DATA EXTRACTS -
◇ ◇ ◇
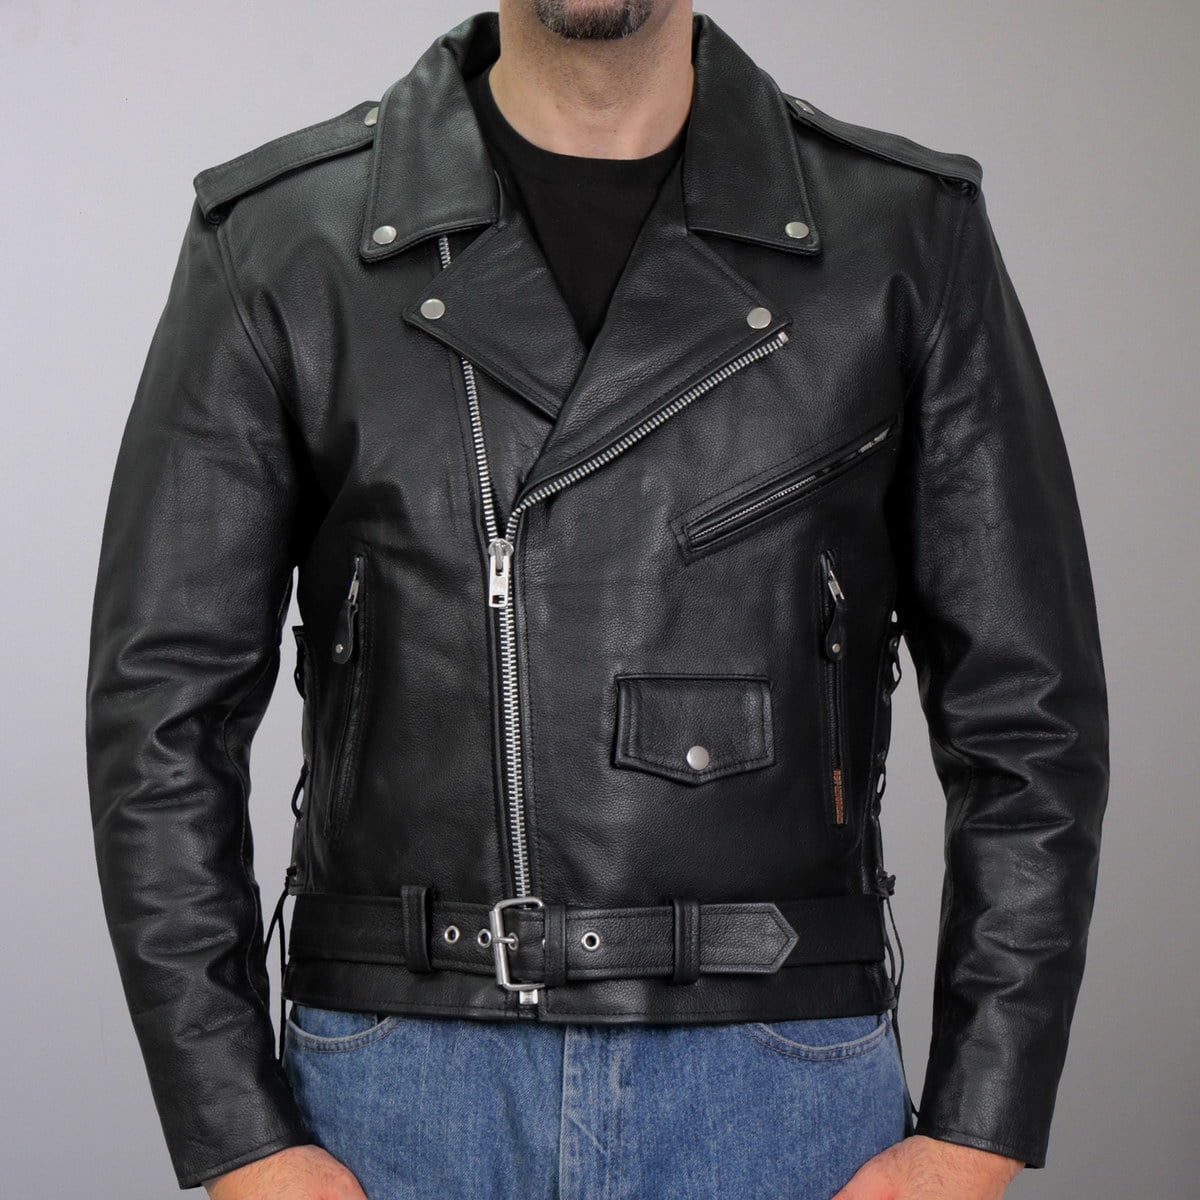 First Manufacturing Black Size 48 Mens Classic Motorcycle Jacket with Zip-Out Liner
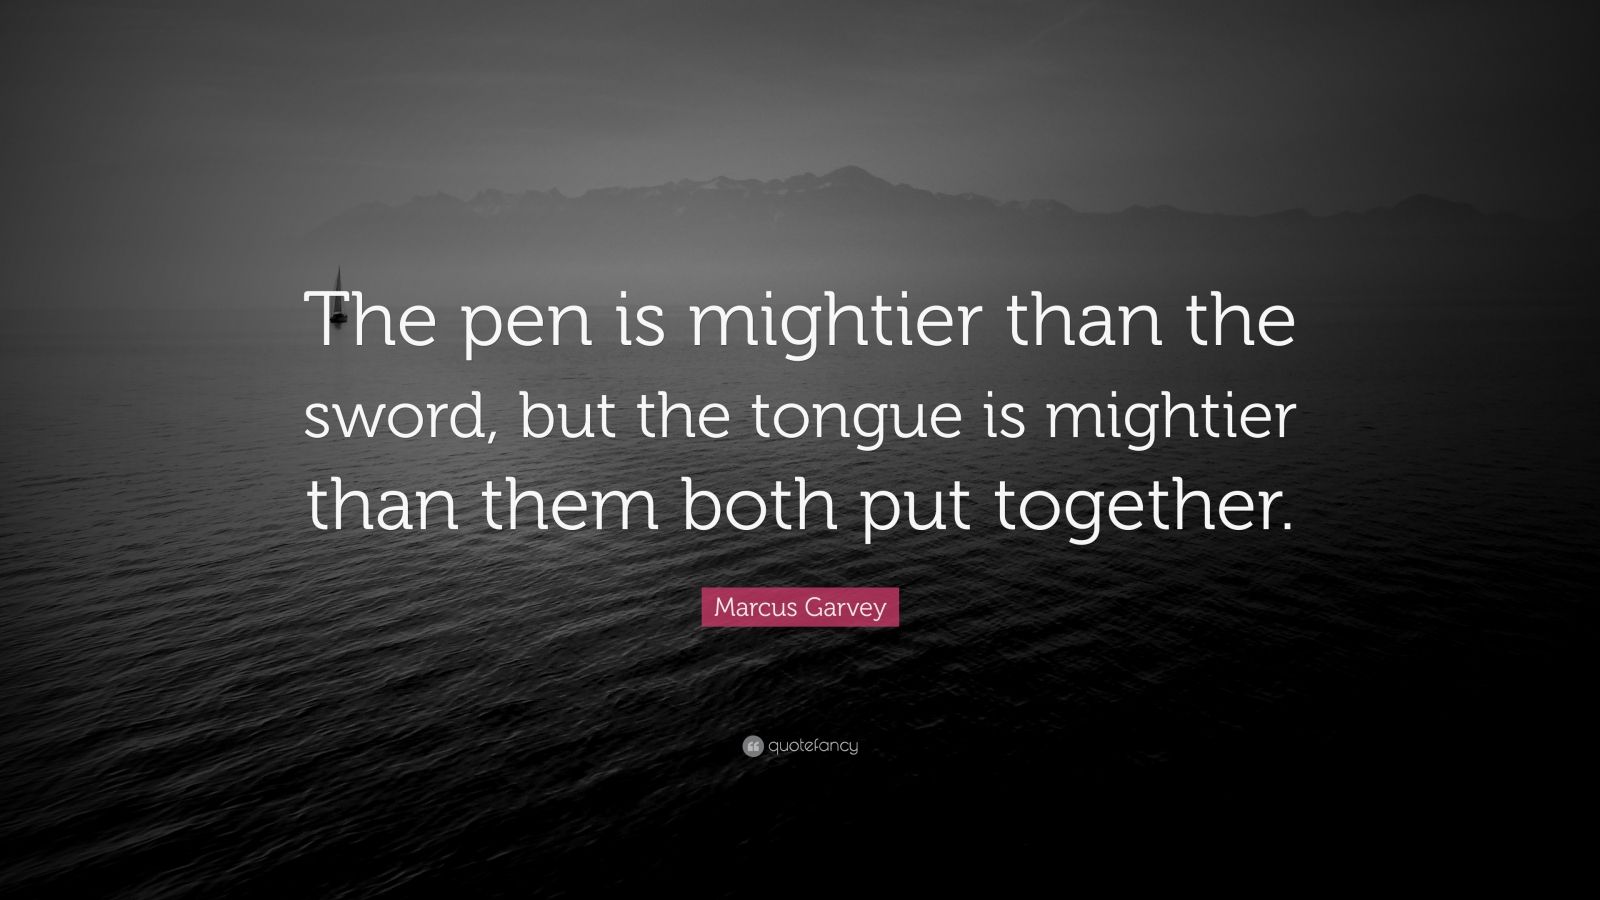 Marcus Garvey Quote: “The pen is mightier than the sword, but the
◇ ◇ ◇
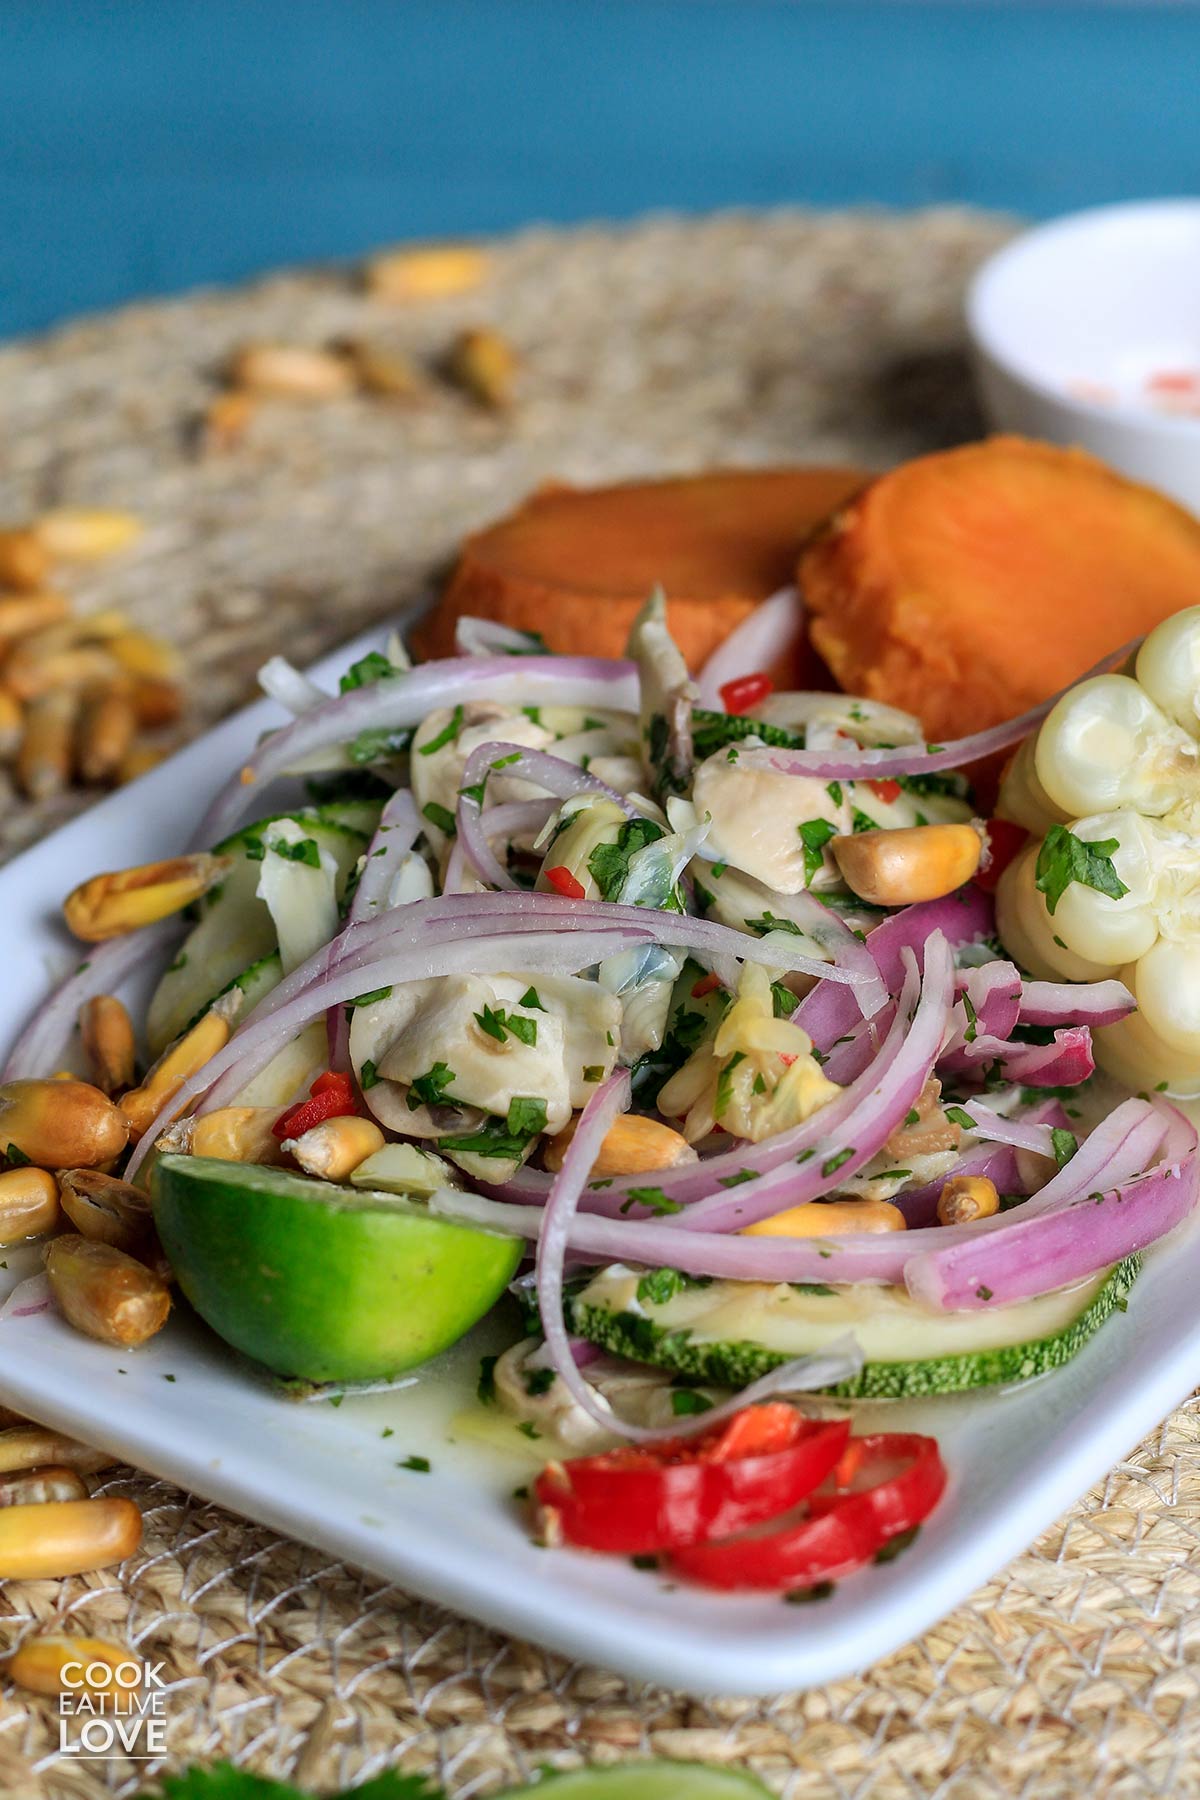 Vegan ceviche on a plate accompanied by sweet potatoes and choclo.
◇ ◇ ◇
TASK GOAL -
The reply should hold the entries above from the line with "First Manufacturing Black" to the line with "sword, but the", duplicated exactly, pictures excluded.

SOLUTION TO THIS EXERCISE -
 First Manufacturing Black Size 48 Mens Classic Motorcycle Jacket with Zip-Out Liner
 Marcus Garvey Quote: “The pen is mightier than the sword, but the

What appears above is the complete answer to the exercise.